Recent Accounting Pronouncements Not Yet Adopted

In December 2023, the FASB issued ASU 2023-09, Income Taxes (Topic 740): Improvements to Income Tax Disclosures. The amendments in this update require entities to disclose specific categories in the effective tax rate reconciliation and provide additional information for reconciling items where the effect of those reconciling items is equal to or greater than 5% of the amount computed by multiplying pretax income/loss by the applicable statutory income tax rate. In addition, entities are required to disclose the year-to-date amount of income taxes paid (net of refunds received) disaggregated by jurisdictions. This ASU is effective for the Company for annual periods beginning after December 15, 2024, with early adoption permitted. The Company is currently evaluating the impact of these amendments on its consolidated financial statements disclosures.
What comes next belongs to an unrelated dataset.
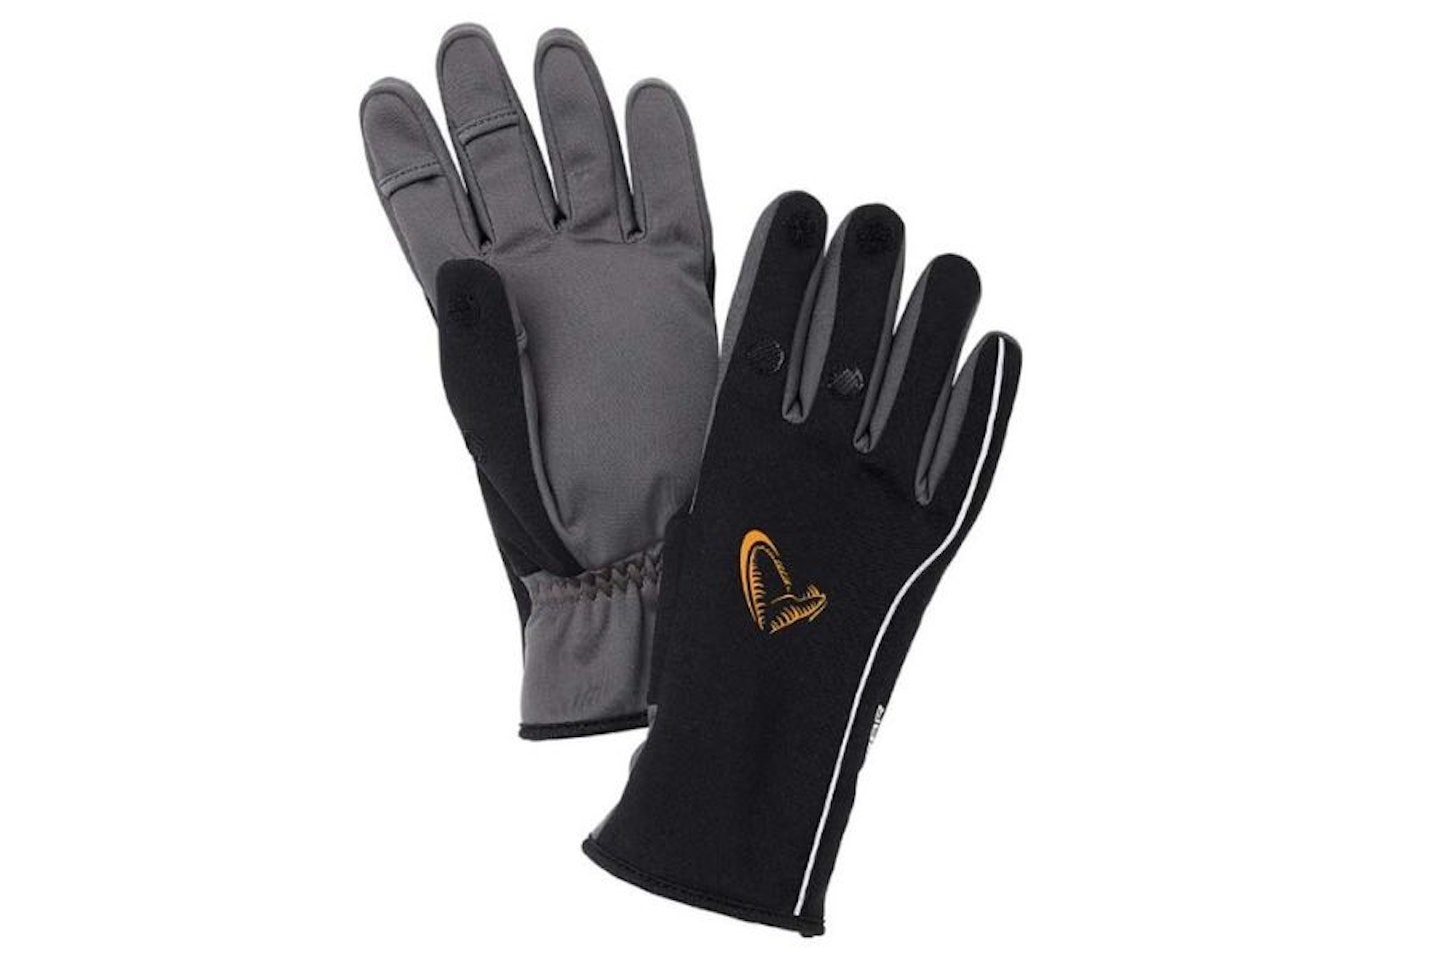 Savage Gear Softshell Winter Gloves

In November 2024, the FASB issued ASU 2024-03, Income Statement - Reporting Comprehensive Income - Expense Disaggregation Disclosure (Subtopic 220-40), Disaggregation of Income Statement Expenses, which requires disclosure of disaggregated information about certain expense captions presented in the unaudited condensed consolidated statements of operations as well as disclosure about selling expense. The effective date for this update was amended by ASU 2025-01 Income Statement-Reporting Comprehensive Income-Expense Disaggregation Disclosures (Subtopic 220-40): Clarifying the Effective Date, and is now effective for annual periods beginning after December 15, 2026, and interim reporting periods within annual reporting periods beginning after December 15, 2027. It could be applied either prospectively or retrospectively. The Company is currently evaluating the impact of these amendments on its consolidated financial statement disclosures.